第310話「―――始まりの日、そこには論理も何もない無秩序の残骸たちがあった」

 

-310-

 

―――始まりの日、そこには論理も何もない無秩序の残骸たちがあった。

 

法則、物質、精神、ありとあらゆる―――廃棄物。

 

宇宙がそのバランスを保つために排除した不確定なるものたちがそこにはあった。

 

ゆらゆらと漂い、ふらふらと揺れて、さらさらと消えていく……

 

生まれては消え、消えては生まれ、形を成し、姿を失くす―――

 

遠く、近く。

 

虚に、現に。

 

それは使うことも、たとえ使えたとしても使い切ることのできない、世界の裏側の資源である。

 

そこに、何者かがいた。

 

『―――な、たっての頼みやねんな。うちのためにこれちょっとなんとかしてくれへんか』

 

女の声だ。

 

女の声が、その無秩序の空間に響いた。

 

『……無理を言わはりますな、先生』

 

厳かな男の声が、静かに女の声に抗議する。

 

女の声は男の声の抗議に、『ええやん。野暮言うなら仕事回さへんで』と不機嫌に返して、退くつもりも断らせるつもりもないことを伝えてきた。

 

『……どうなっても知らへんよ、ワシは』

 

男の声が無秩序を揺らす。

 

―――瞬時、世界は秩序を取り戻して、白く皓く、どこまでも続く空へと変わっていった。

 

『なんや。やれば出来るやんか。じゃあなぁ、次はなあ』

 

『ええ加減にしときや、姐さん……』

 

軽い声に、深い疲労を滲ませた男の声。

 

『そうや。やっぱり胸躍る冒険がええな!魔法とか魔物とかありありの!あっちはもうそういうのおらんから!』

 

パン、と手を打つ音が聞こえる。

 

『……外宇宙にでも行きなさいよ、姐さん』

 

きっと仏頂面をしているだろう男の声が響くが、女の声はそんなモノ聞こえないとばかりに何やら色々と構想を語っている……

 

男はため息を付き、その声をなにかに記録しているようだった。

 

それがいつだったのかは誰も知らない。

 

誰も知らない、遠い昔の。

 

どこか遠くの空での出来事……

 

 

 

目を覚ます。

 

目を覚まして、周りを見渡せばいつもの部屋で。

 

隣ではボサボサ髪の少女が小さな寝息を立て、そして自分の机で日誌を書いている少女のような少年がいた。

 

黒い肌の―――異質な、体温を持たない少年の瞳がこちらを見ている……

 

その視線に見つめ返しながら、小さく、小さく呟いた。

 

「……なんだっけ、こういうの?欠けた夢?」

 

「おはようございます、ミナさん。夢がどうかしましたか?」

 

少年は心配そうに声の主を覗き込む。

 

「おはよう、ルル。まあなんというかこう、夢を見たのよ。

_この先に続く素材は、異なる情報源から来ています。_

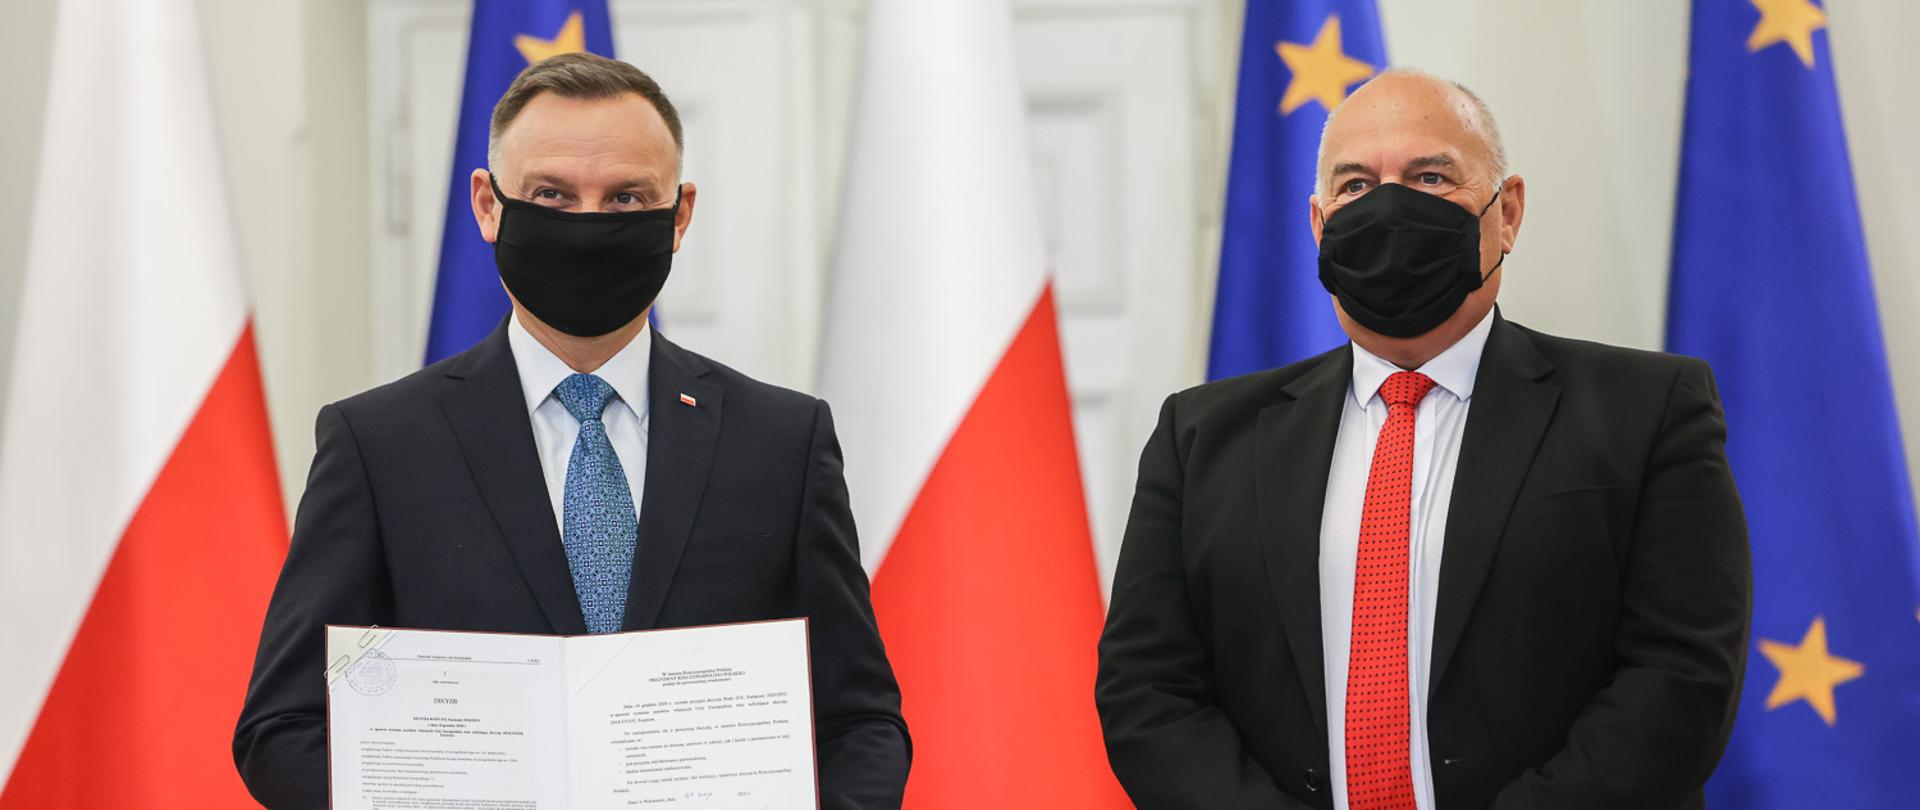 Prezydent Duda i Minister Kościński stoją z podpisaną ustawą, w tle stoją flaga Polska i UE

よく覚えていないけども……」

 

長い耳をピコピコとうさぎか何かのように動かしながら、少女は伸びをする。

 

その耳は上古の森人の証。

 

瞳は翠玉、髪は透けるような黄金。

 

それもまた上古の森人であることを示すものである。

 

ハイエルフの勇者ミナ・トワイライトはそうして起き上がり、隣の少女を起こさないようにベッドから降りる。

 

そうして彼女は首を傾げ、ハイエルフが見ることのないはずの、本人の記憶ではない夢を思う。

 

「……事件のような気がしますね。いや、望むところですが」

 

日誌を閉じて、未だ明けぬ空を見てルルは微笑んだ。

 

向こうから来てくれるのなら好都合、とばかりにミナもニヤリと笑う。

 

「……ところで、この間の続きは」

 

「雰囲気ってものがあるのだわ……少なくともあの腐れロボ使ってる改の会とかいうバラガキどもを殲滅してからね……」

 

その言葉に、ルルは少しだけ残念そうにクスリと笑う。

 

結局のところ、お互いの告白は改の会のせいでお流れになってしまった。

 

しかしながら、二人共が気持ちが通じ合っていることを確認するには十分だったようで。

 

「それじゃ、今日はバイトもないし……街に出てみますか」

 

「賛成です。僕も新しい触媒が欲しかったところでして」

 

前ならここで、何をするつもりなのかを問い詰める段だったろう―――が、今は……

 

「はいはい。危険そうなら止めるからね」と柔らかに微笑んで、ルルの頭を優しくなでる。

 

「……ミナさん」

 

ルルも余計なことは言わずに、少し顔を赤く―――死体のくせに―――して微笑んだ。

 

「はいはい、ごちそうさまなのです」

 

そんな二人に声をかけたのは、のそりと起き出した少女である。

 

「あ、岬。おはよう。珍しいわね、まだ4時よ?」

 

眼鏡を掛けながら起き上がり、ベッドにちょこんと座った岬に挨拶をして、ミナは彼女を見た。

 

「おはようなのですよ……ってほんとに4時なのです。はて、なぜこんなに早く起きてしまったのでしょうです」

 

魔法のステッキを虚空から出して、シャンと振ると、彼女の右手にカラフルな意匠の腕時計が出現する。

 

どうやら新しい魔法を開発したのだろう、と主従は思うがそれも一瞬。

 

腕時計を見て岬はまた首を傾げる。

 

「……私も夢を見たし、なにか起きるのかもしれないわ」

 

しばし思考してミナはそう答えて、冷房の温度を2度下げる。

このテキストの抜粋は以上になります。